What to work on: Reproduce verbatim all of the data given below, but do not carry over the images.

Source material:
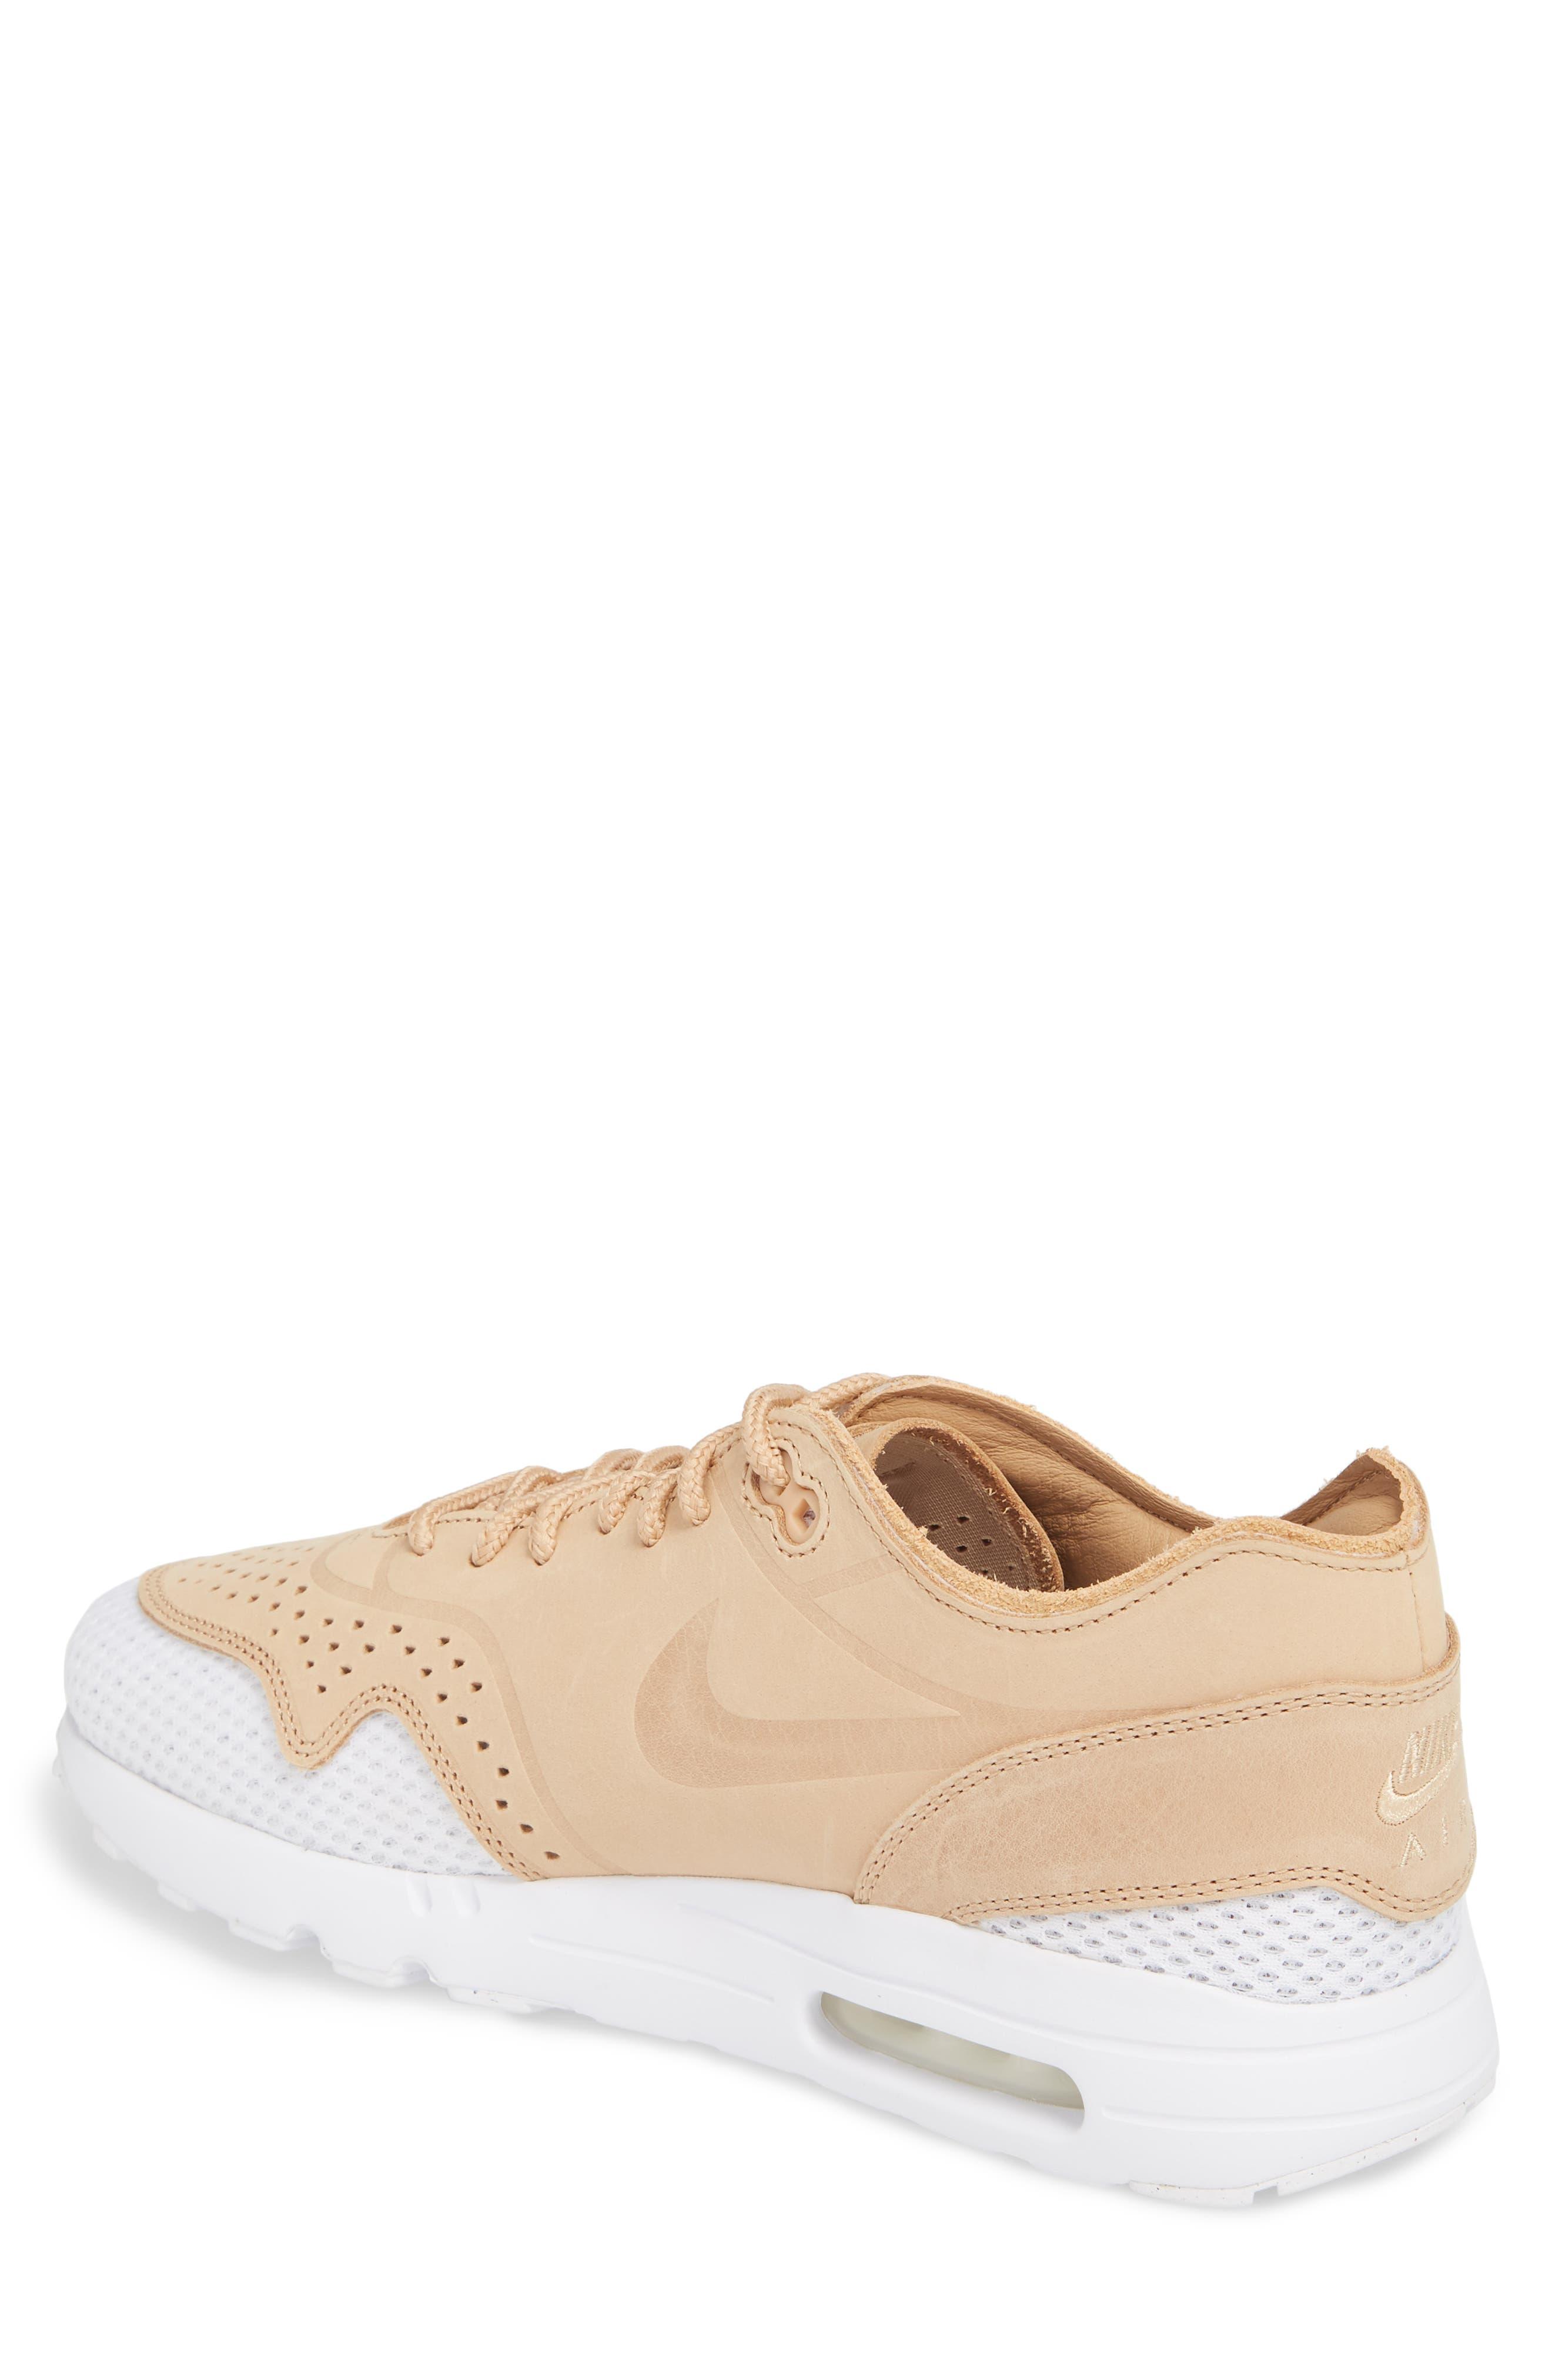 Air Max 1 Ultra 2.0 Premium Sneaker,                             Alternate thumbnail 2, color,                             VACHETTA TAN/ WHITE
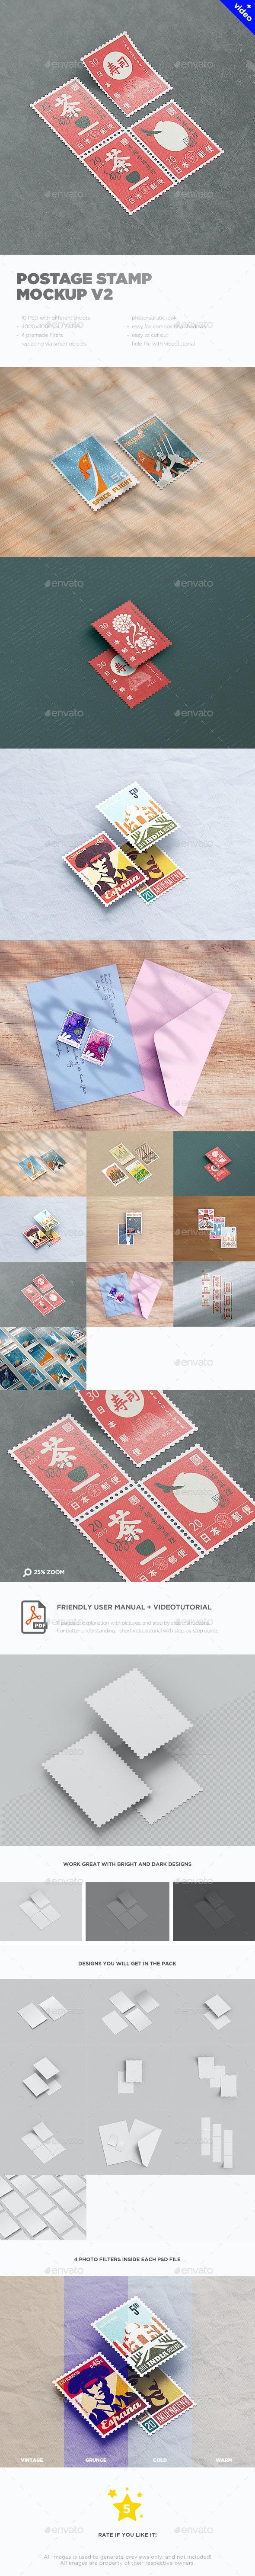 Postage Stamp MockUp v2 - Miscellaneous Print
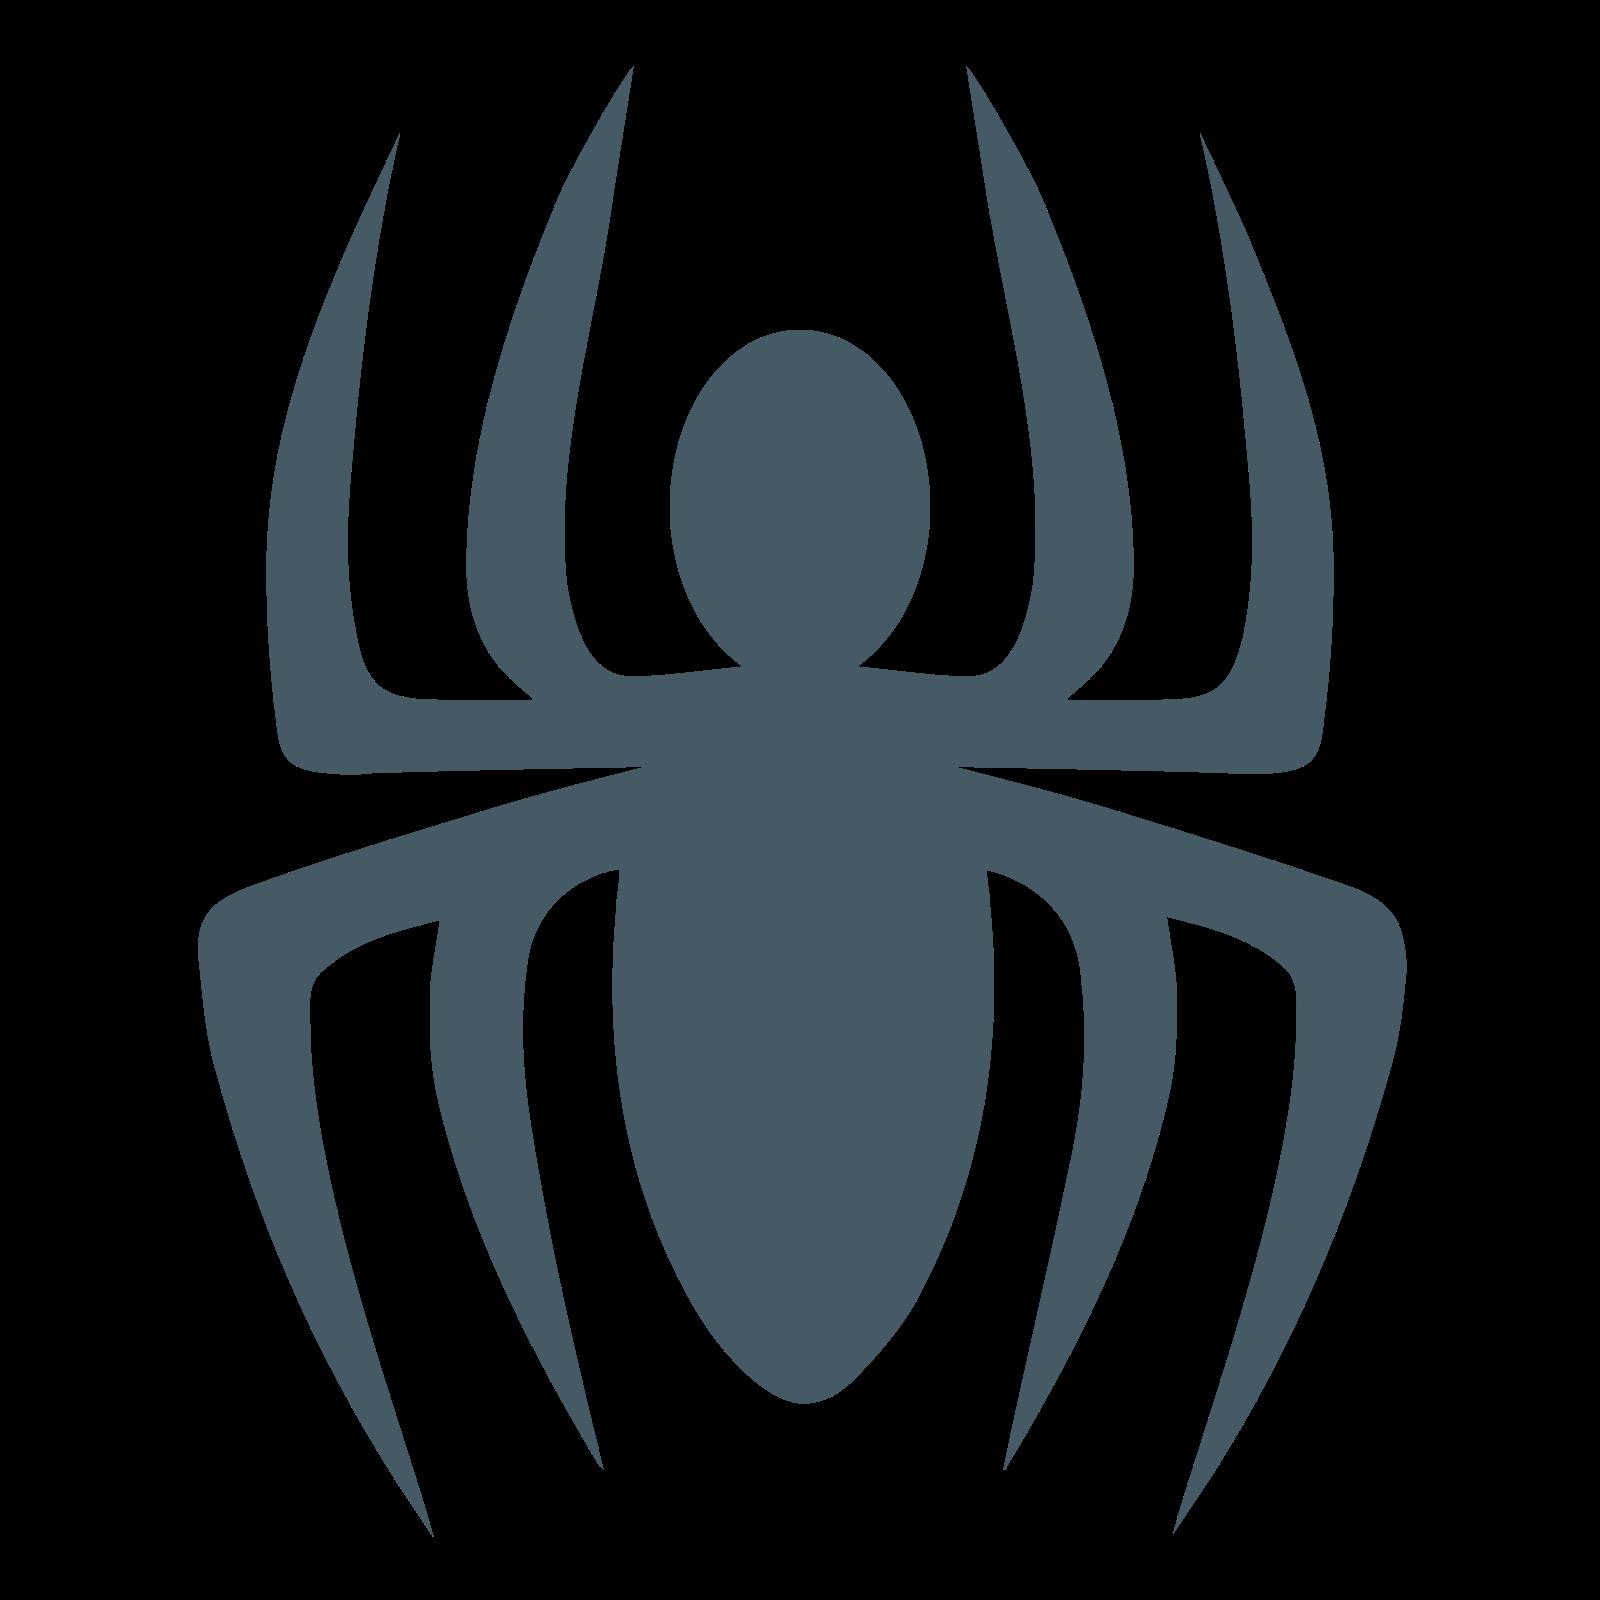 Spider-Man Stary icon
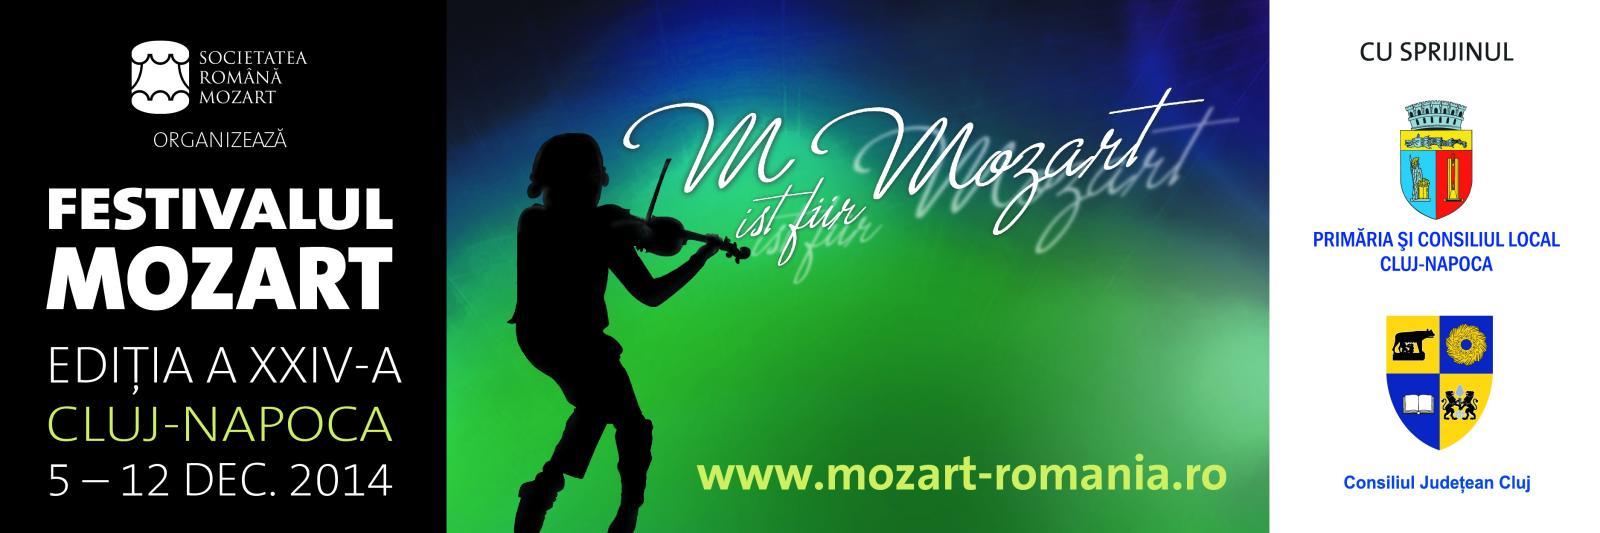 Festivalul Mozart 2014

Result:
 Air Max 1 Ultra 2.0 Premium Sneaker,                             Alternate thumbnail 2, color,                             VACHETTA TAN/ WHITE
 Postage Stamp MockUp v2 - Miscellaneous Print
 Spider-Man Stary icon
 Festivalul Mozart 2014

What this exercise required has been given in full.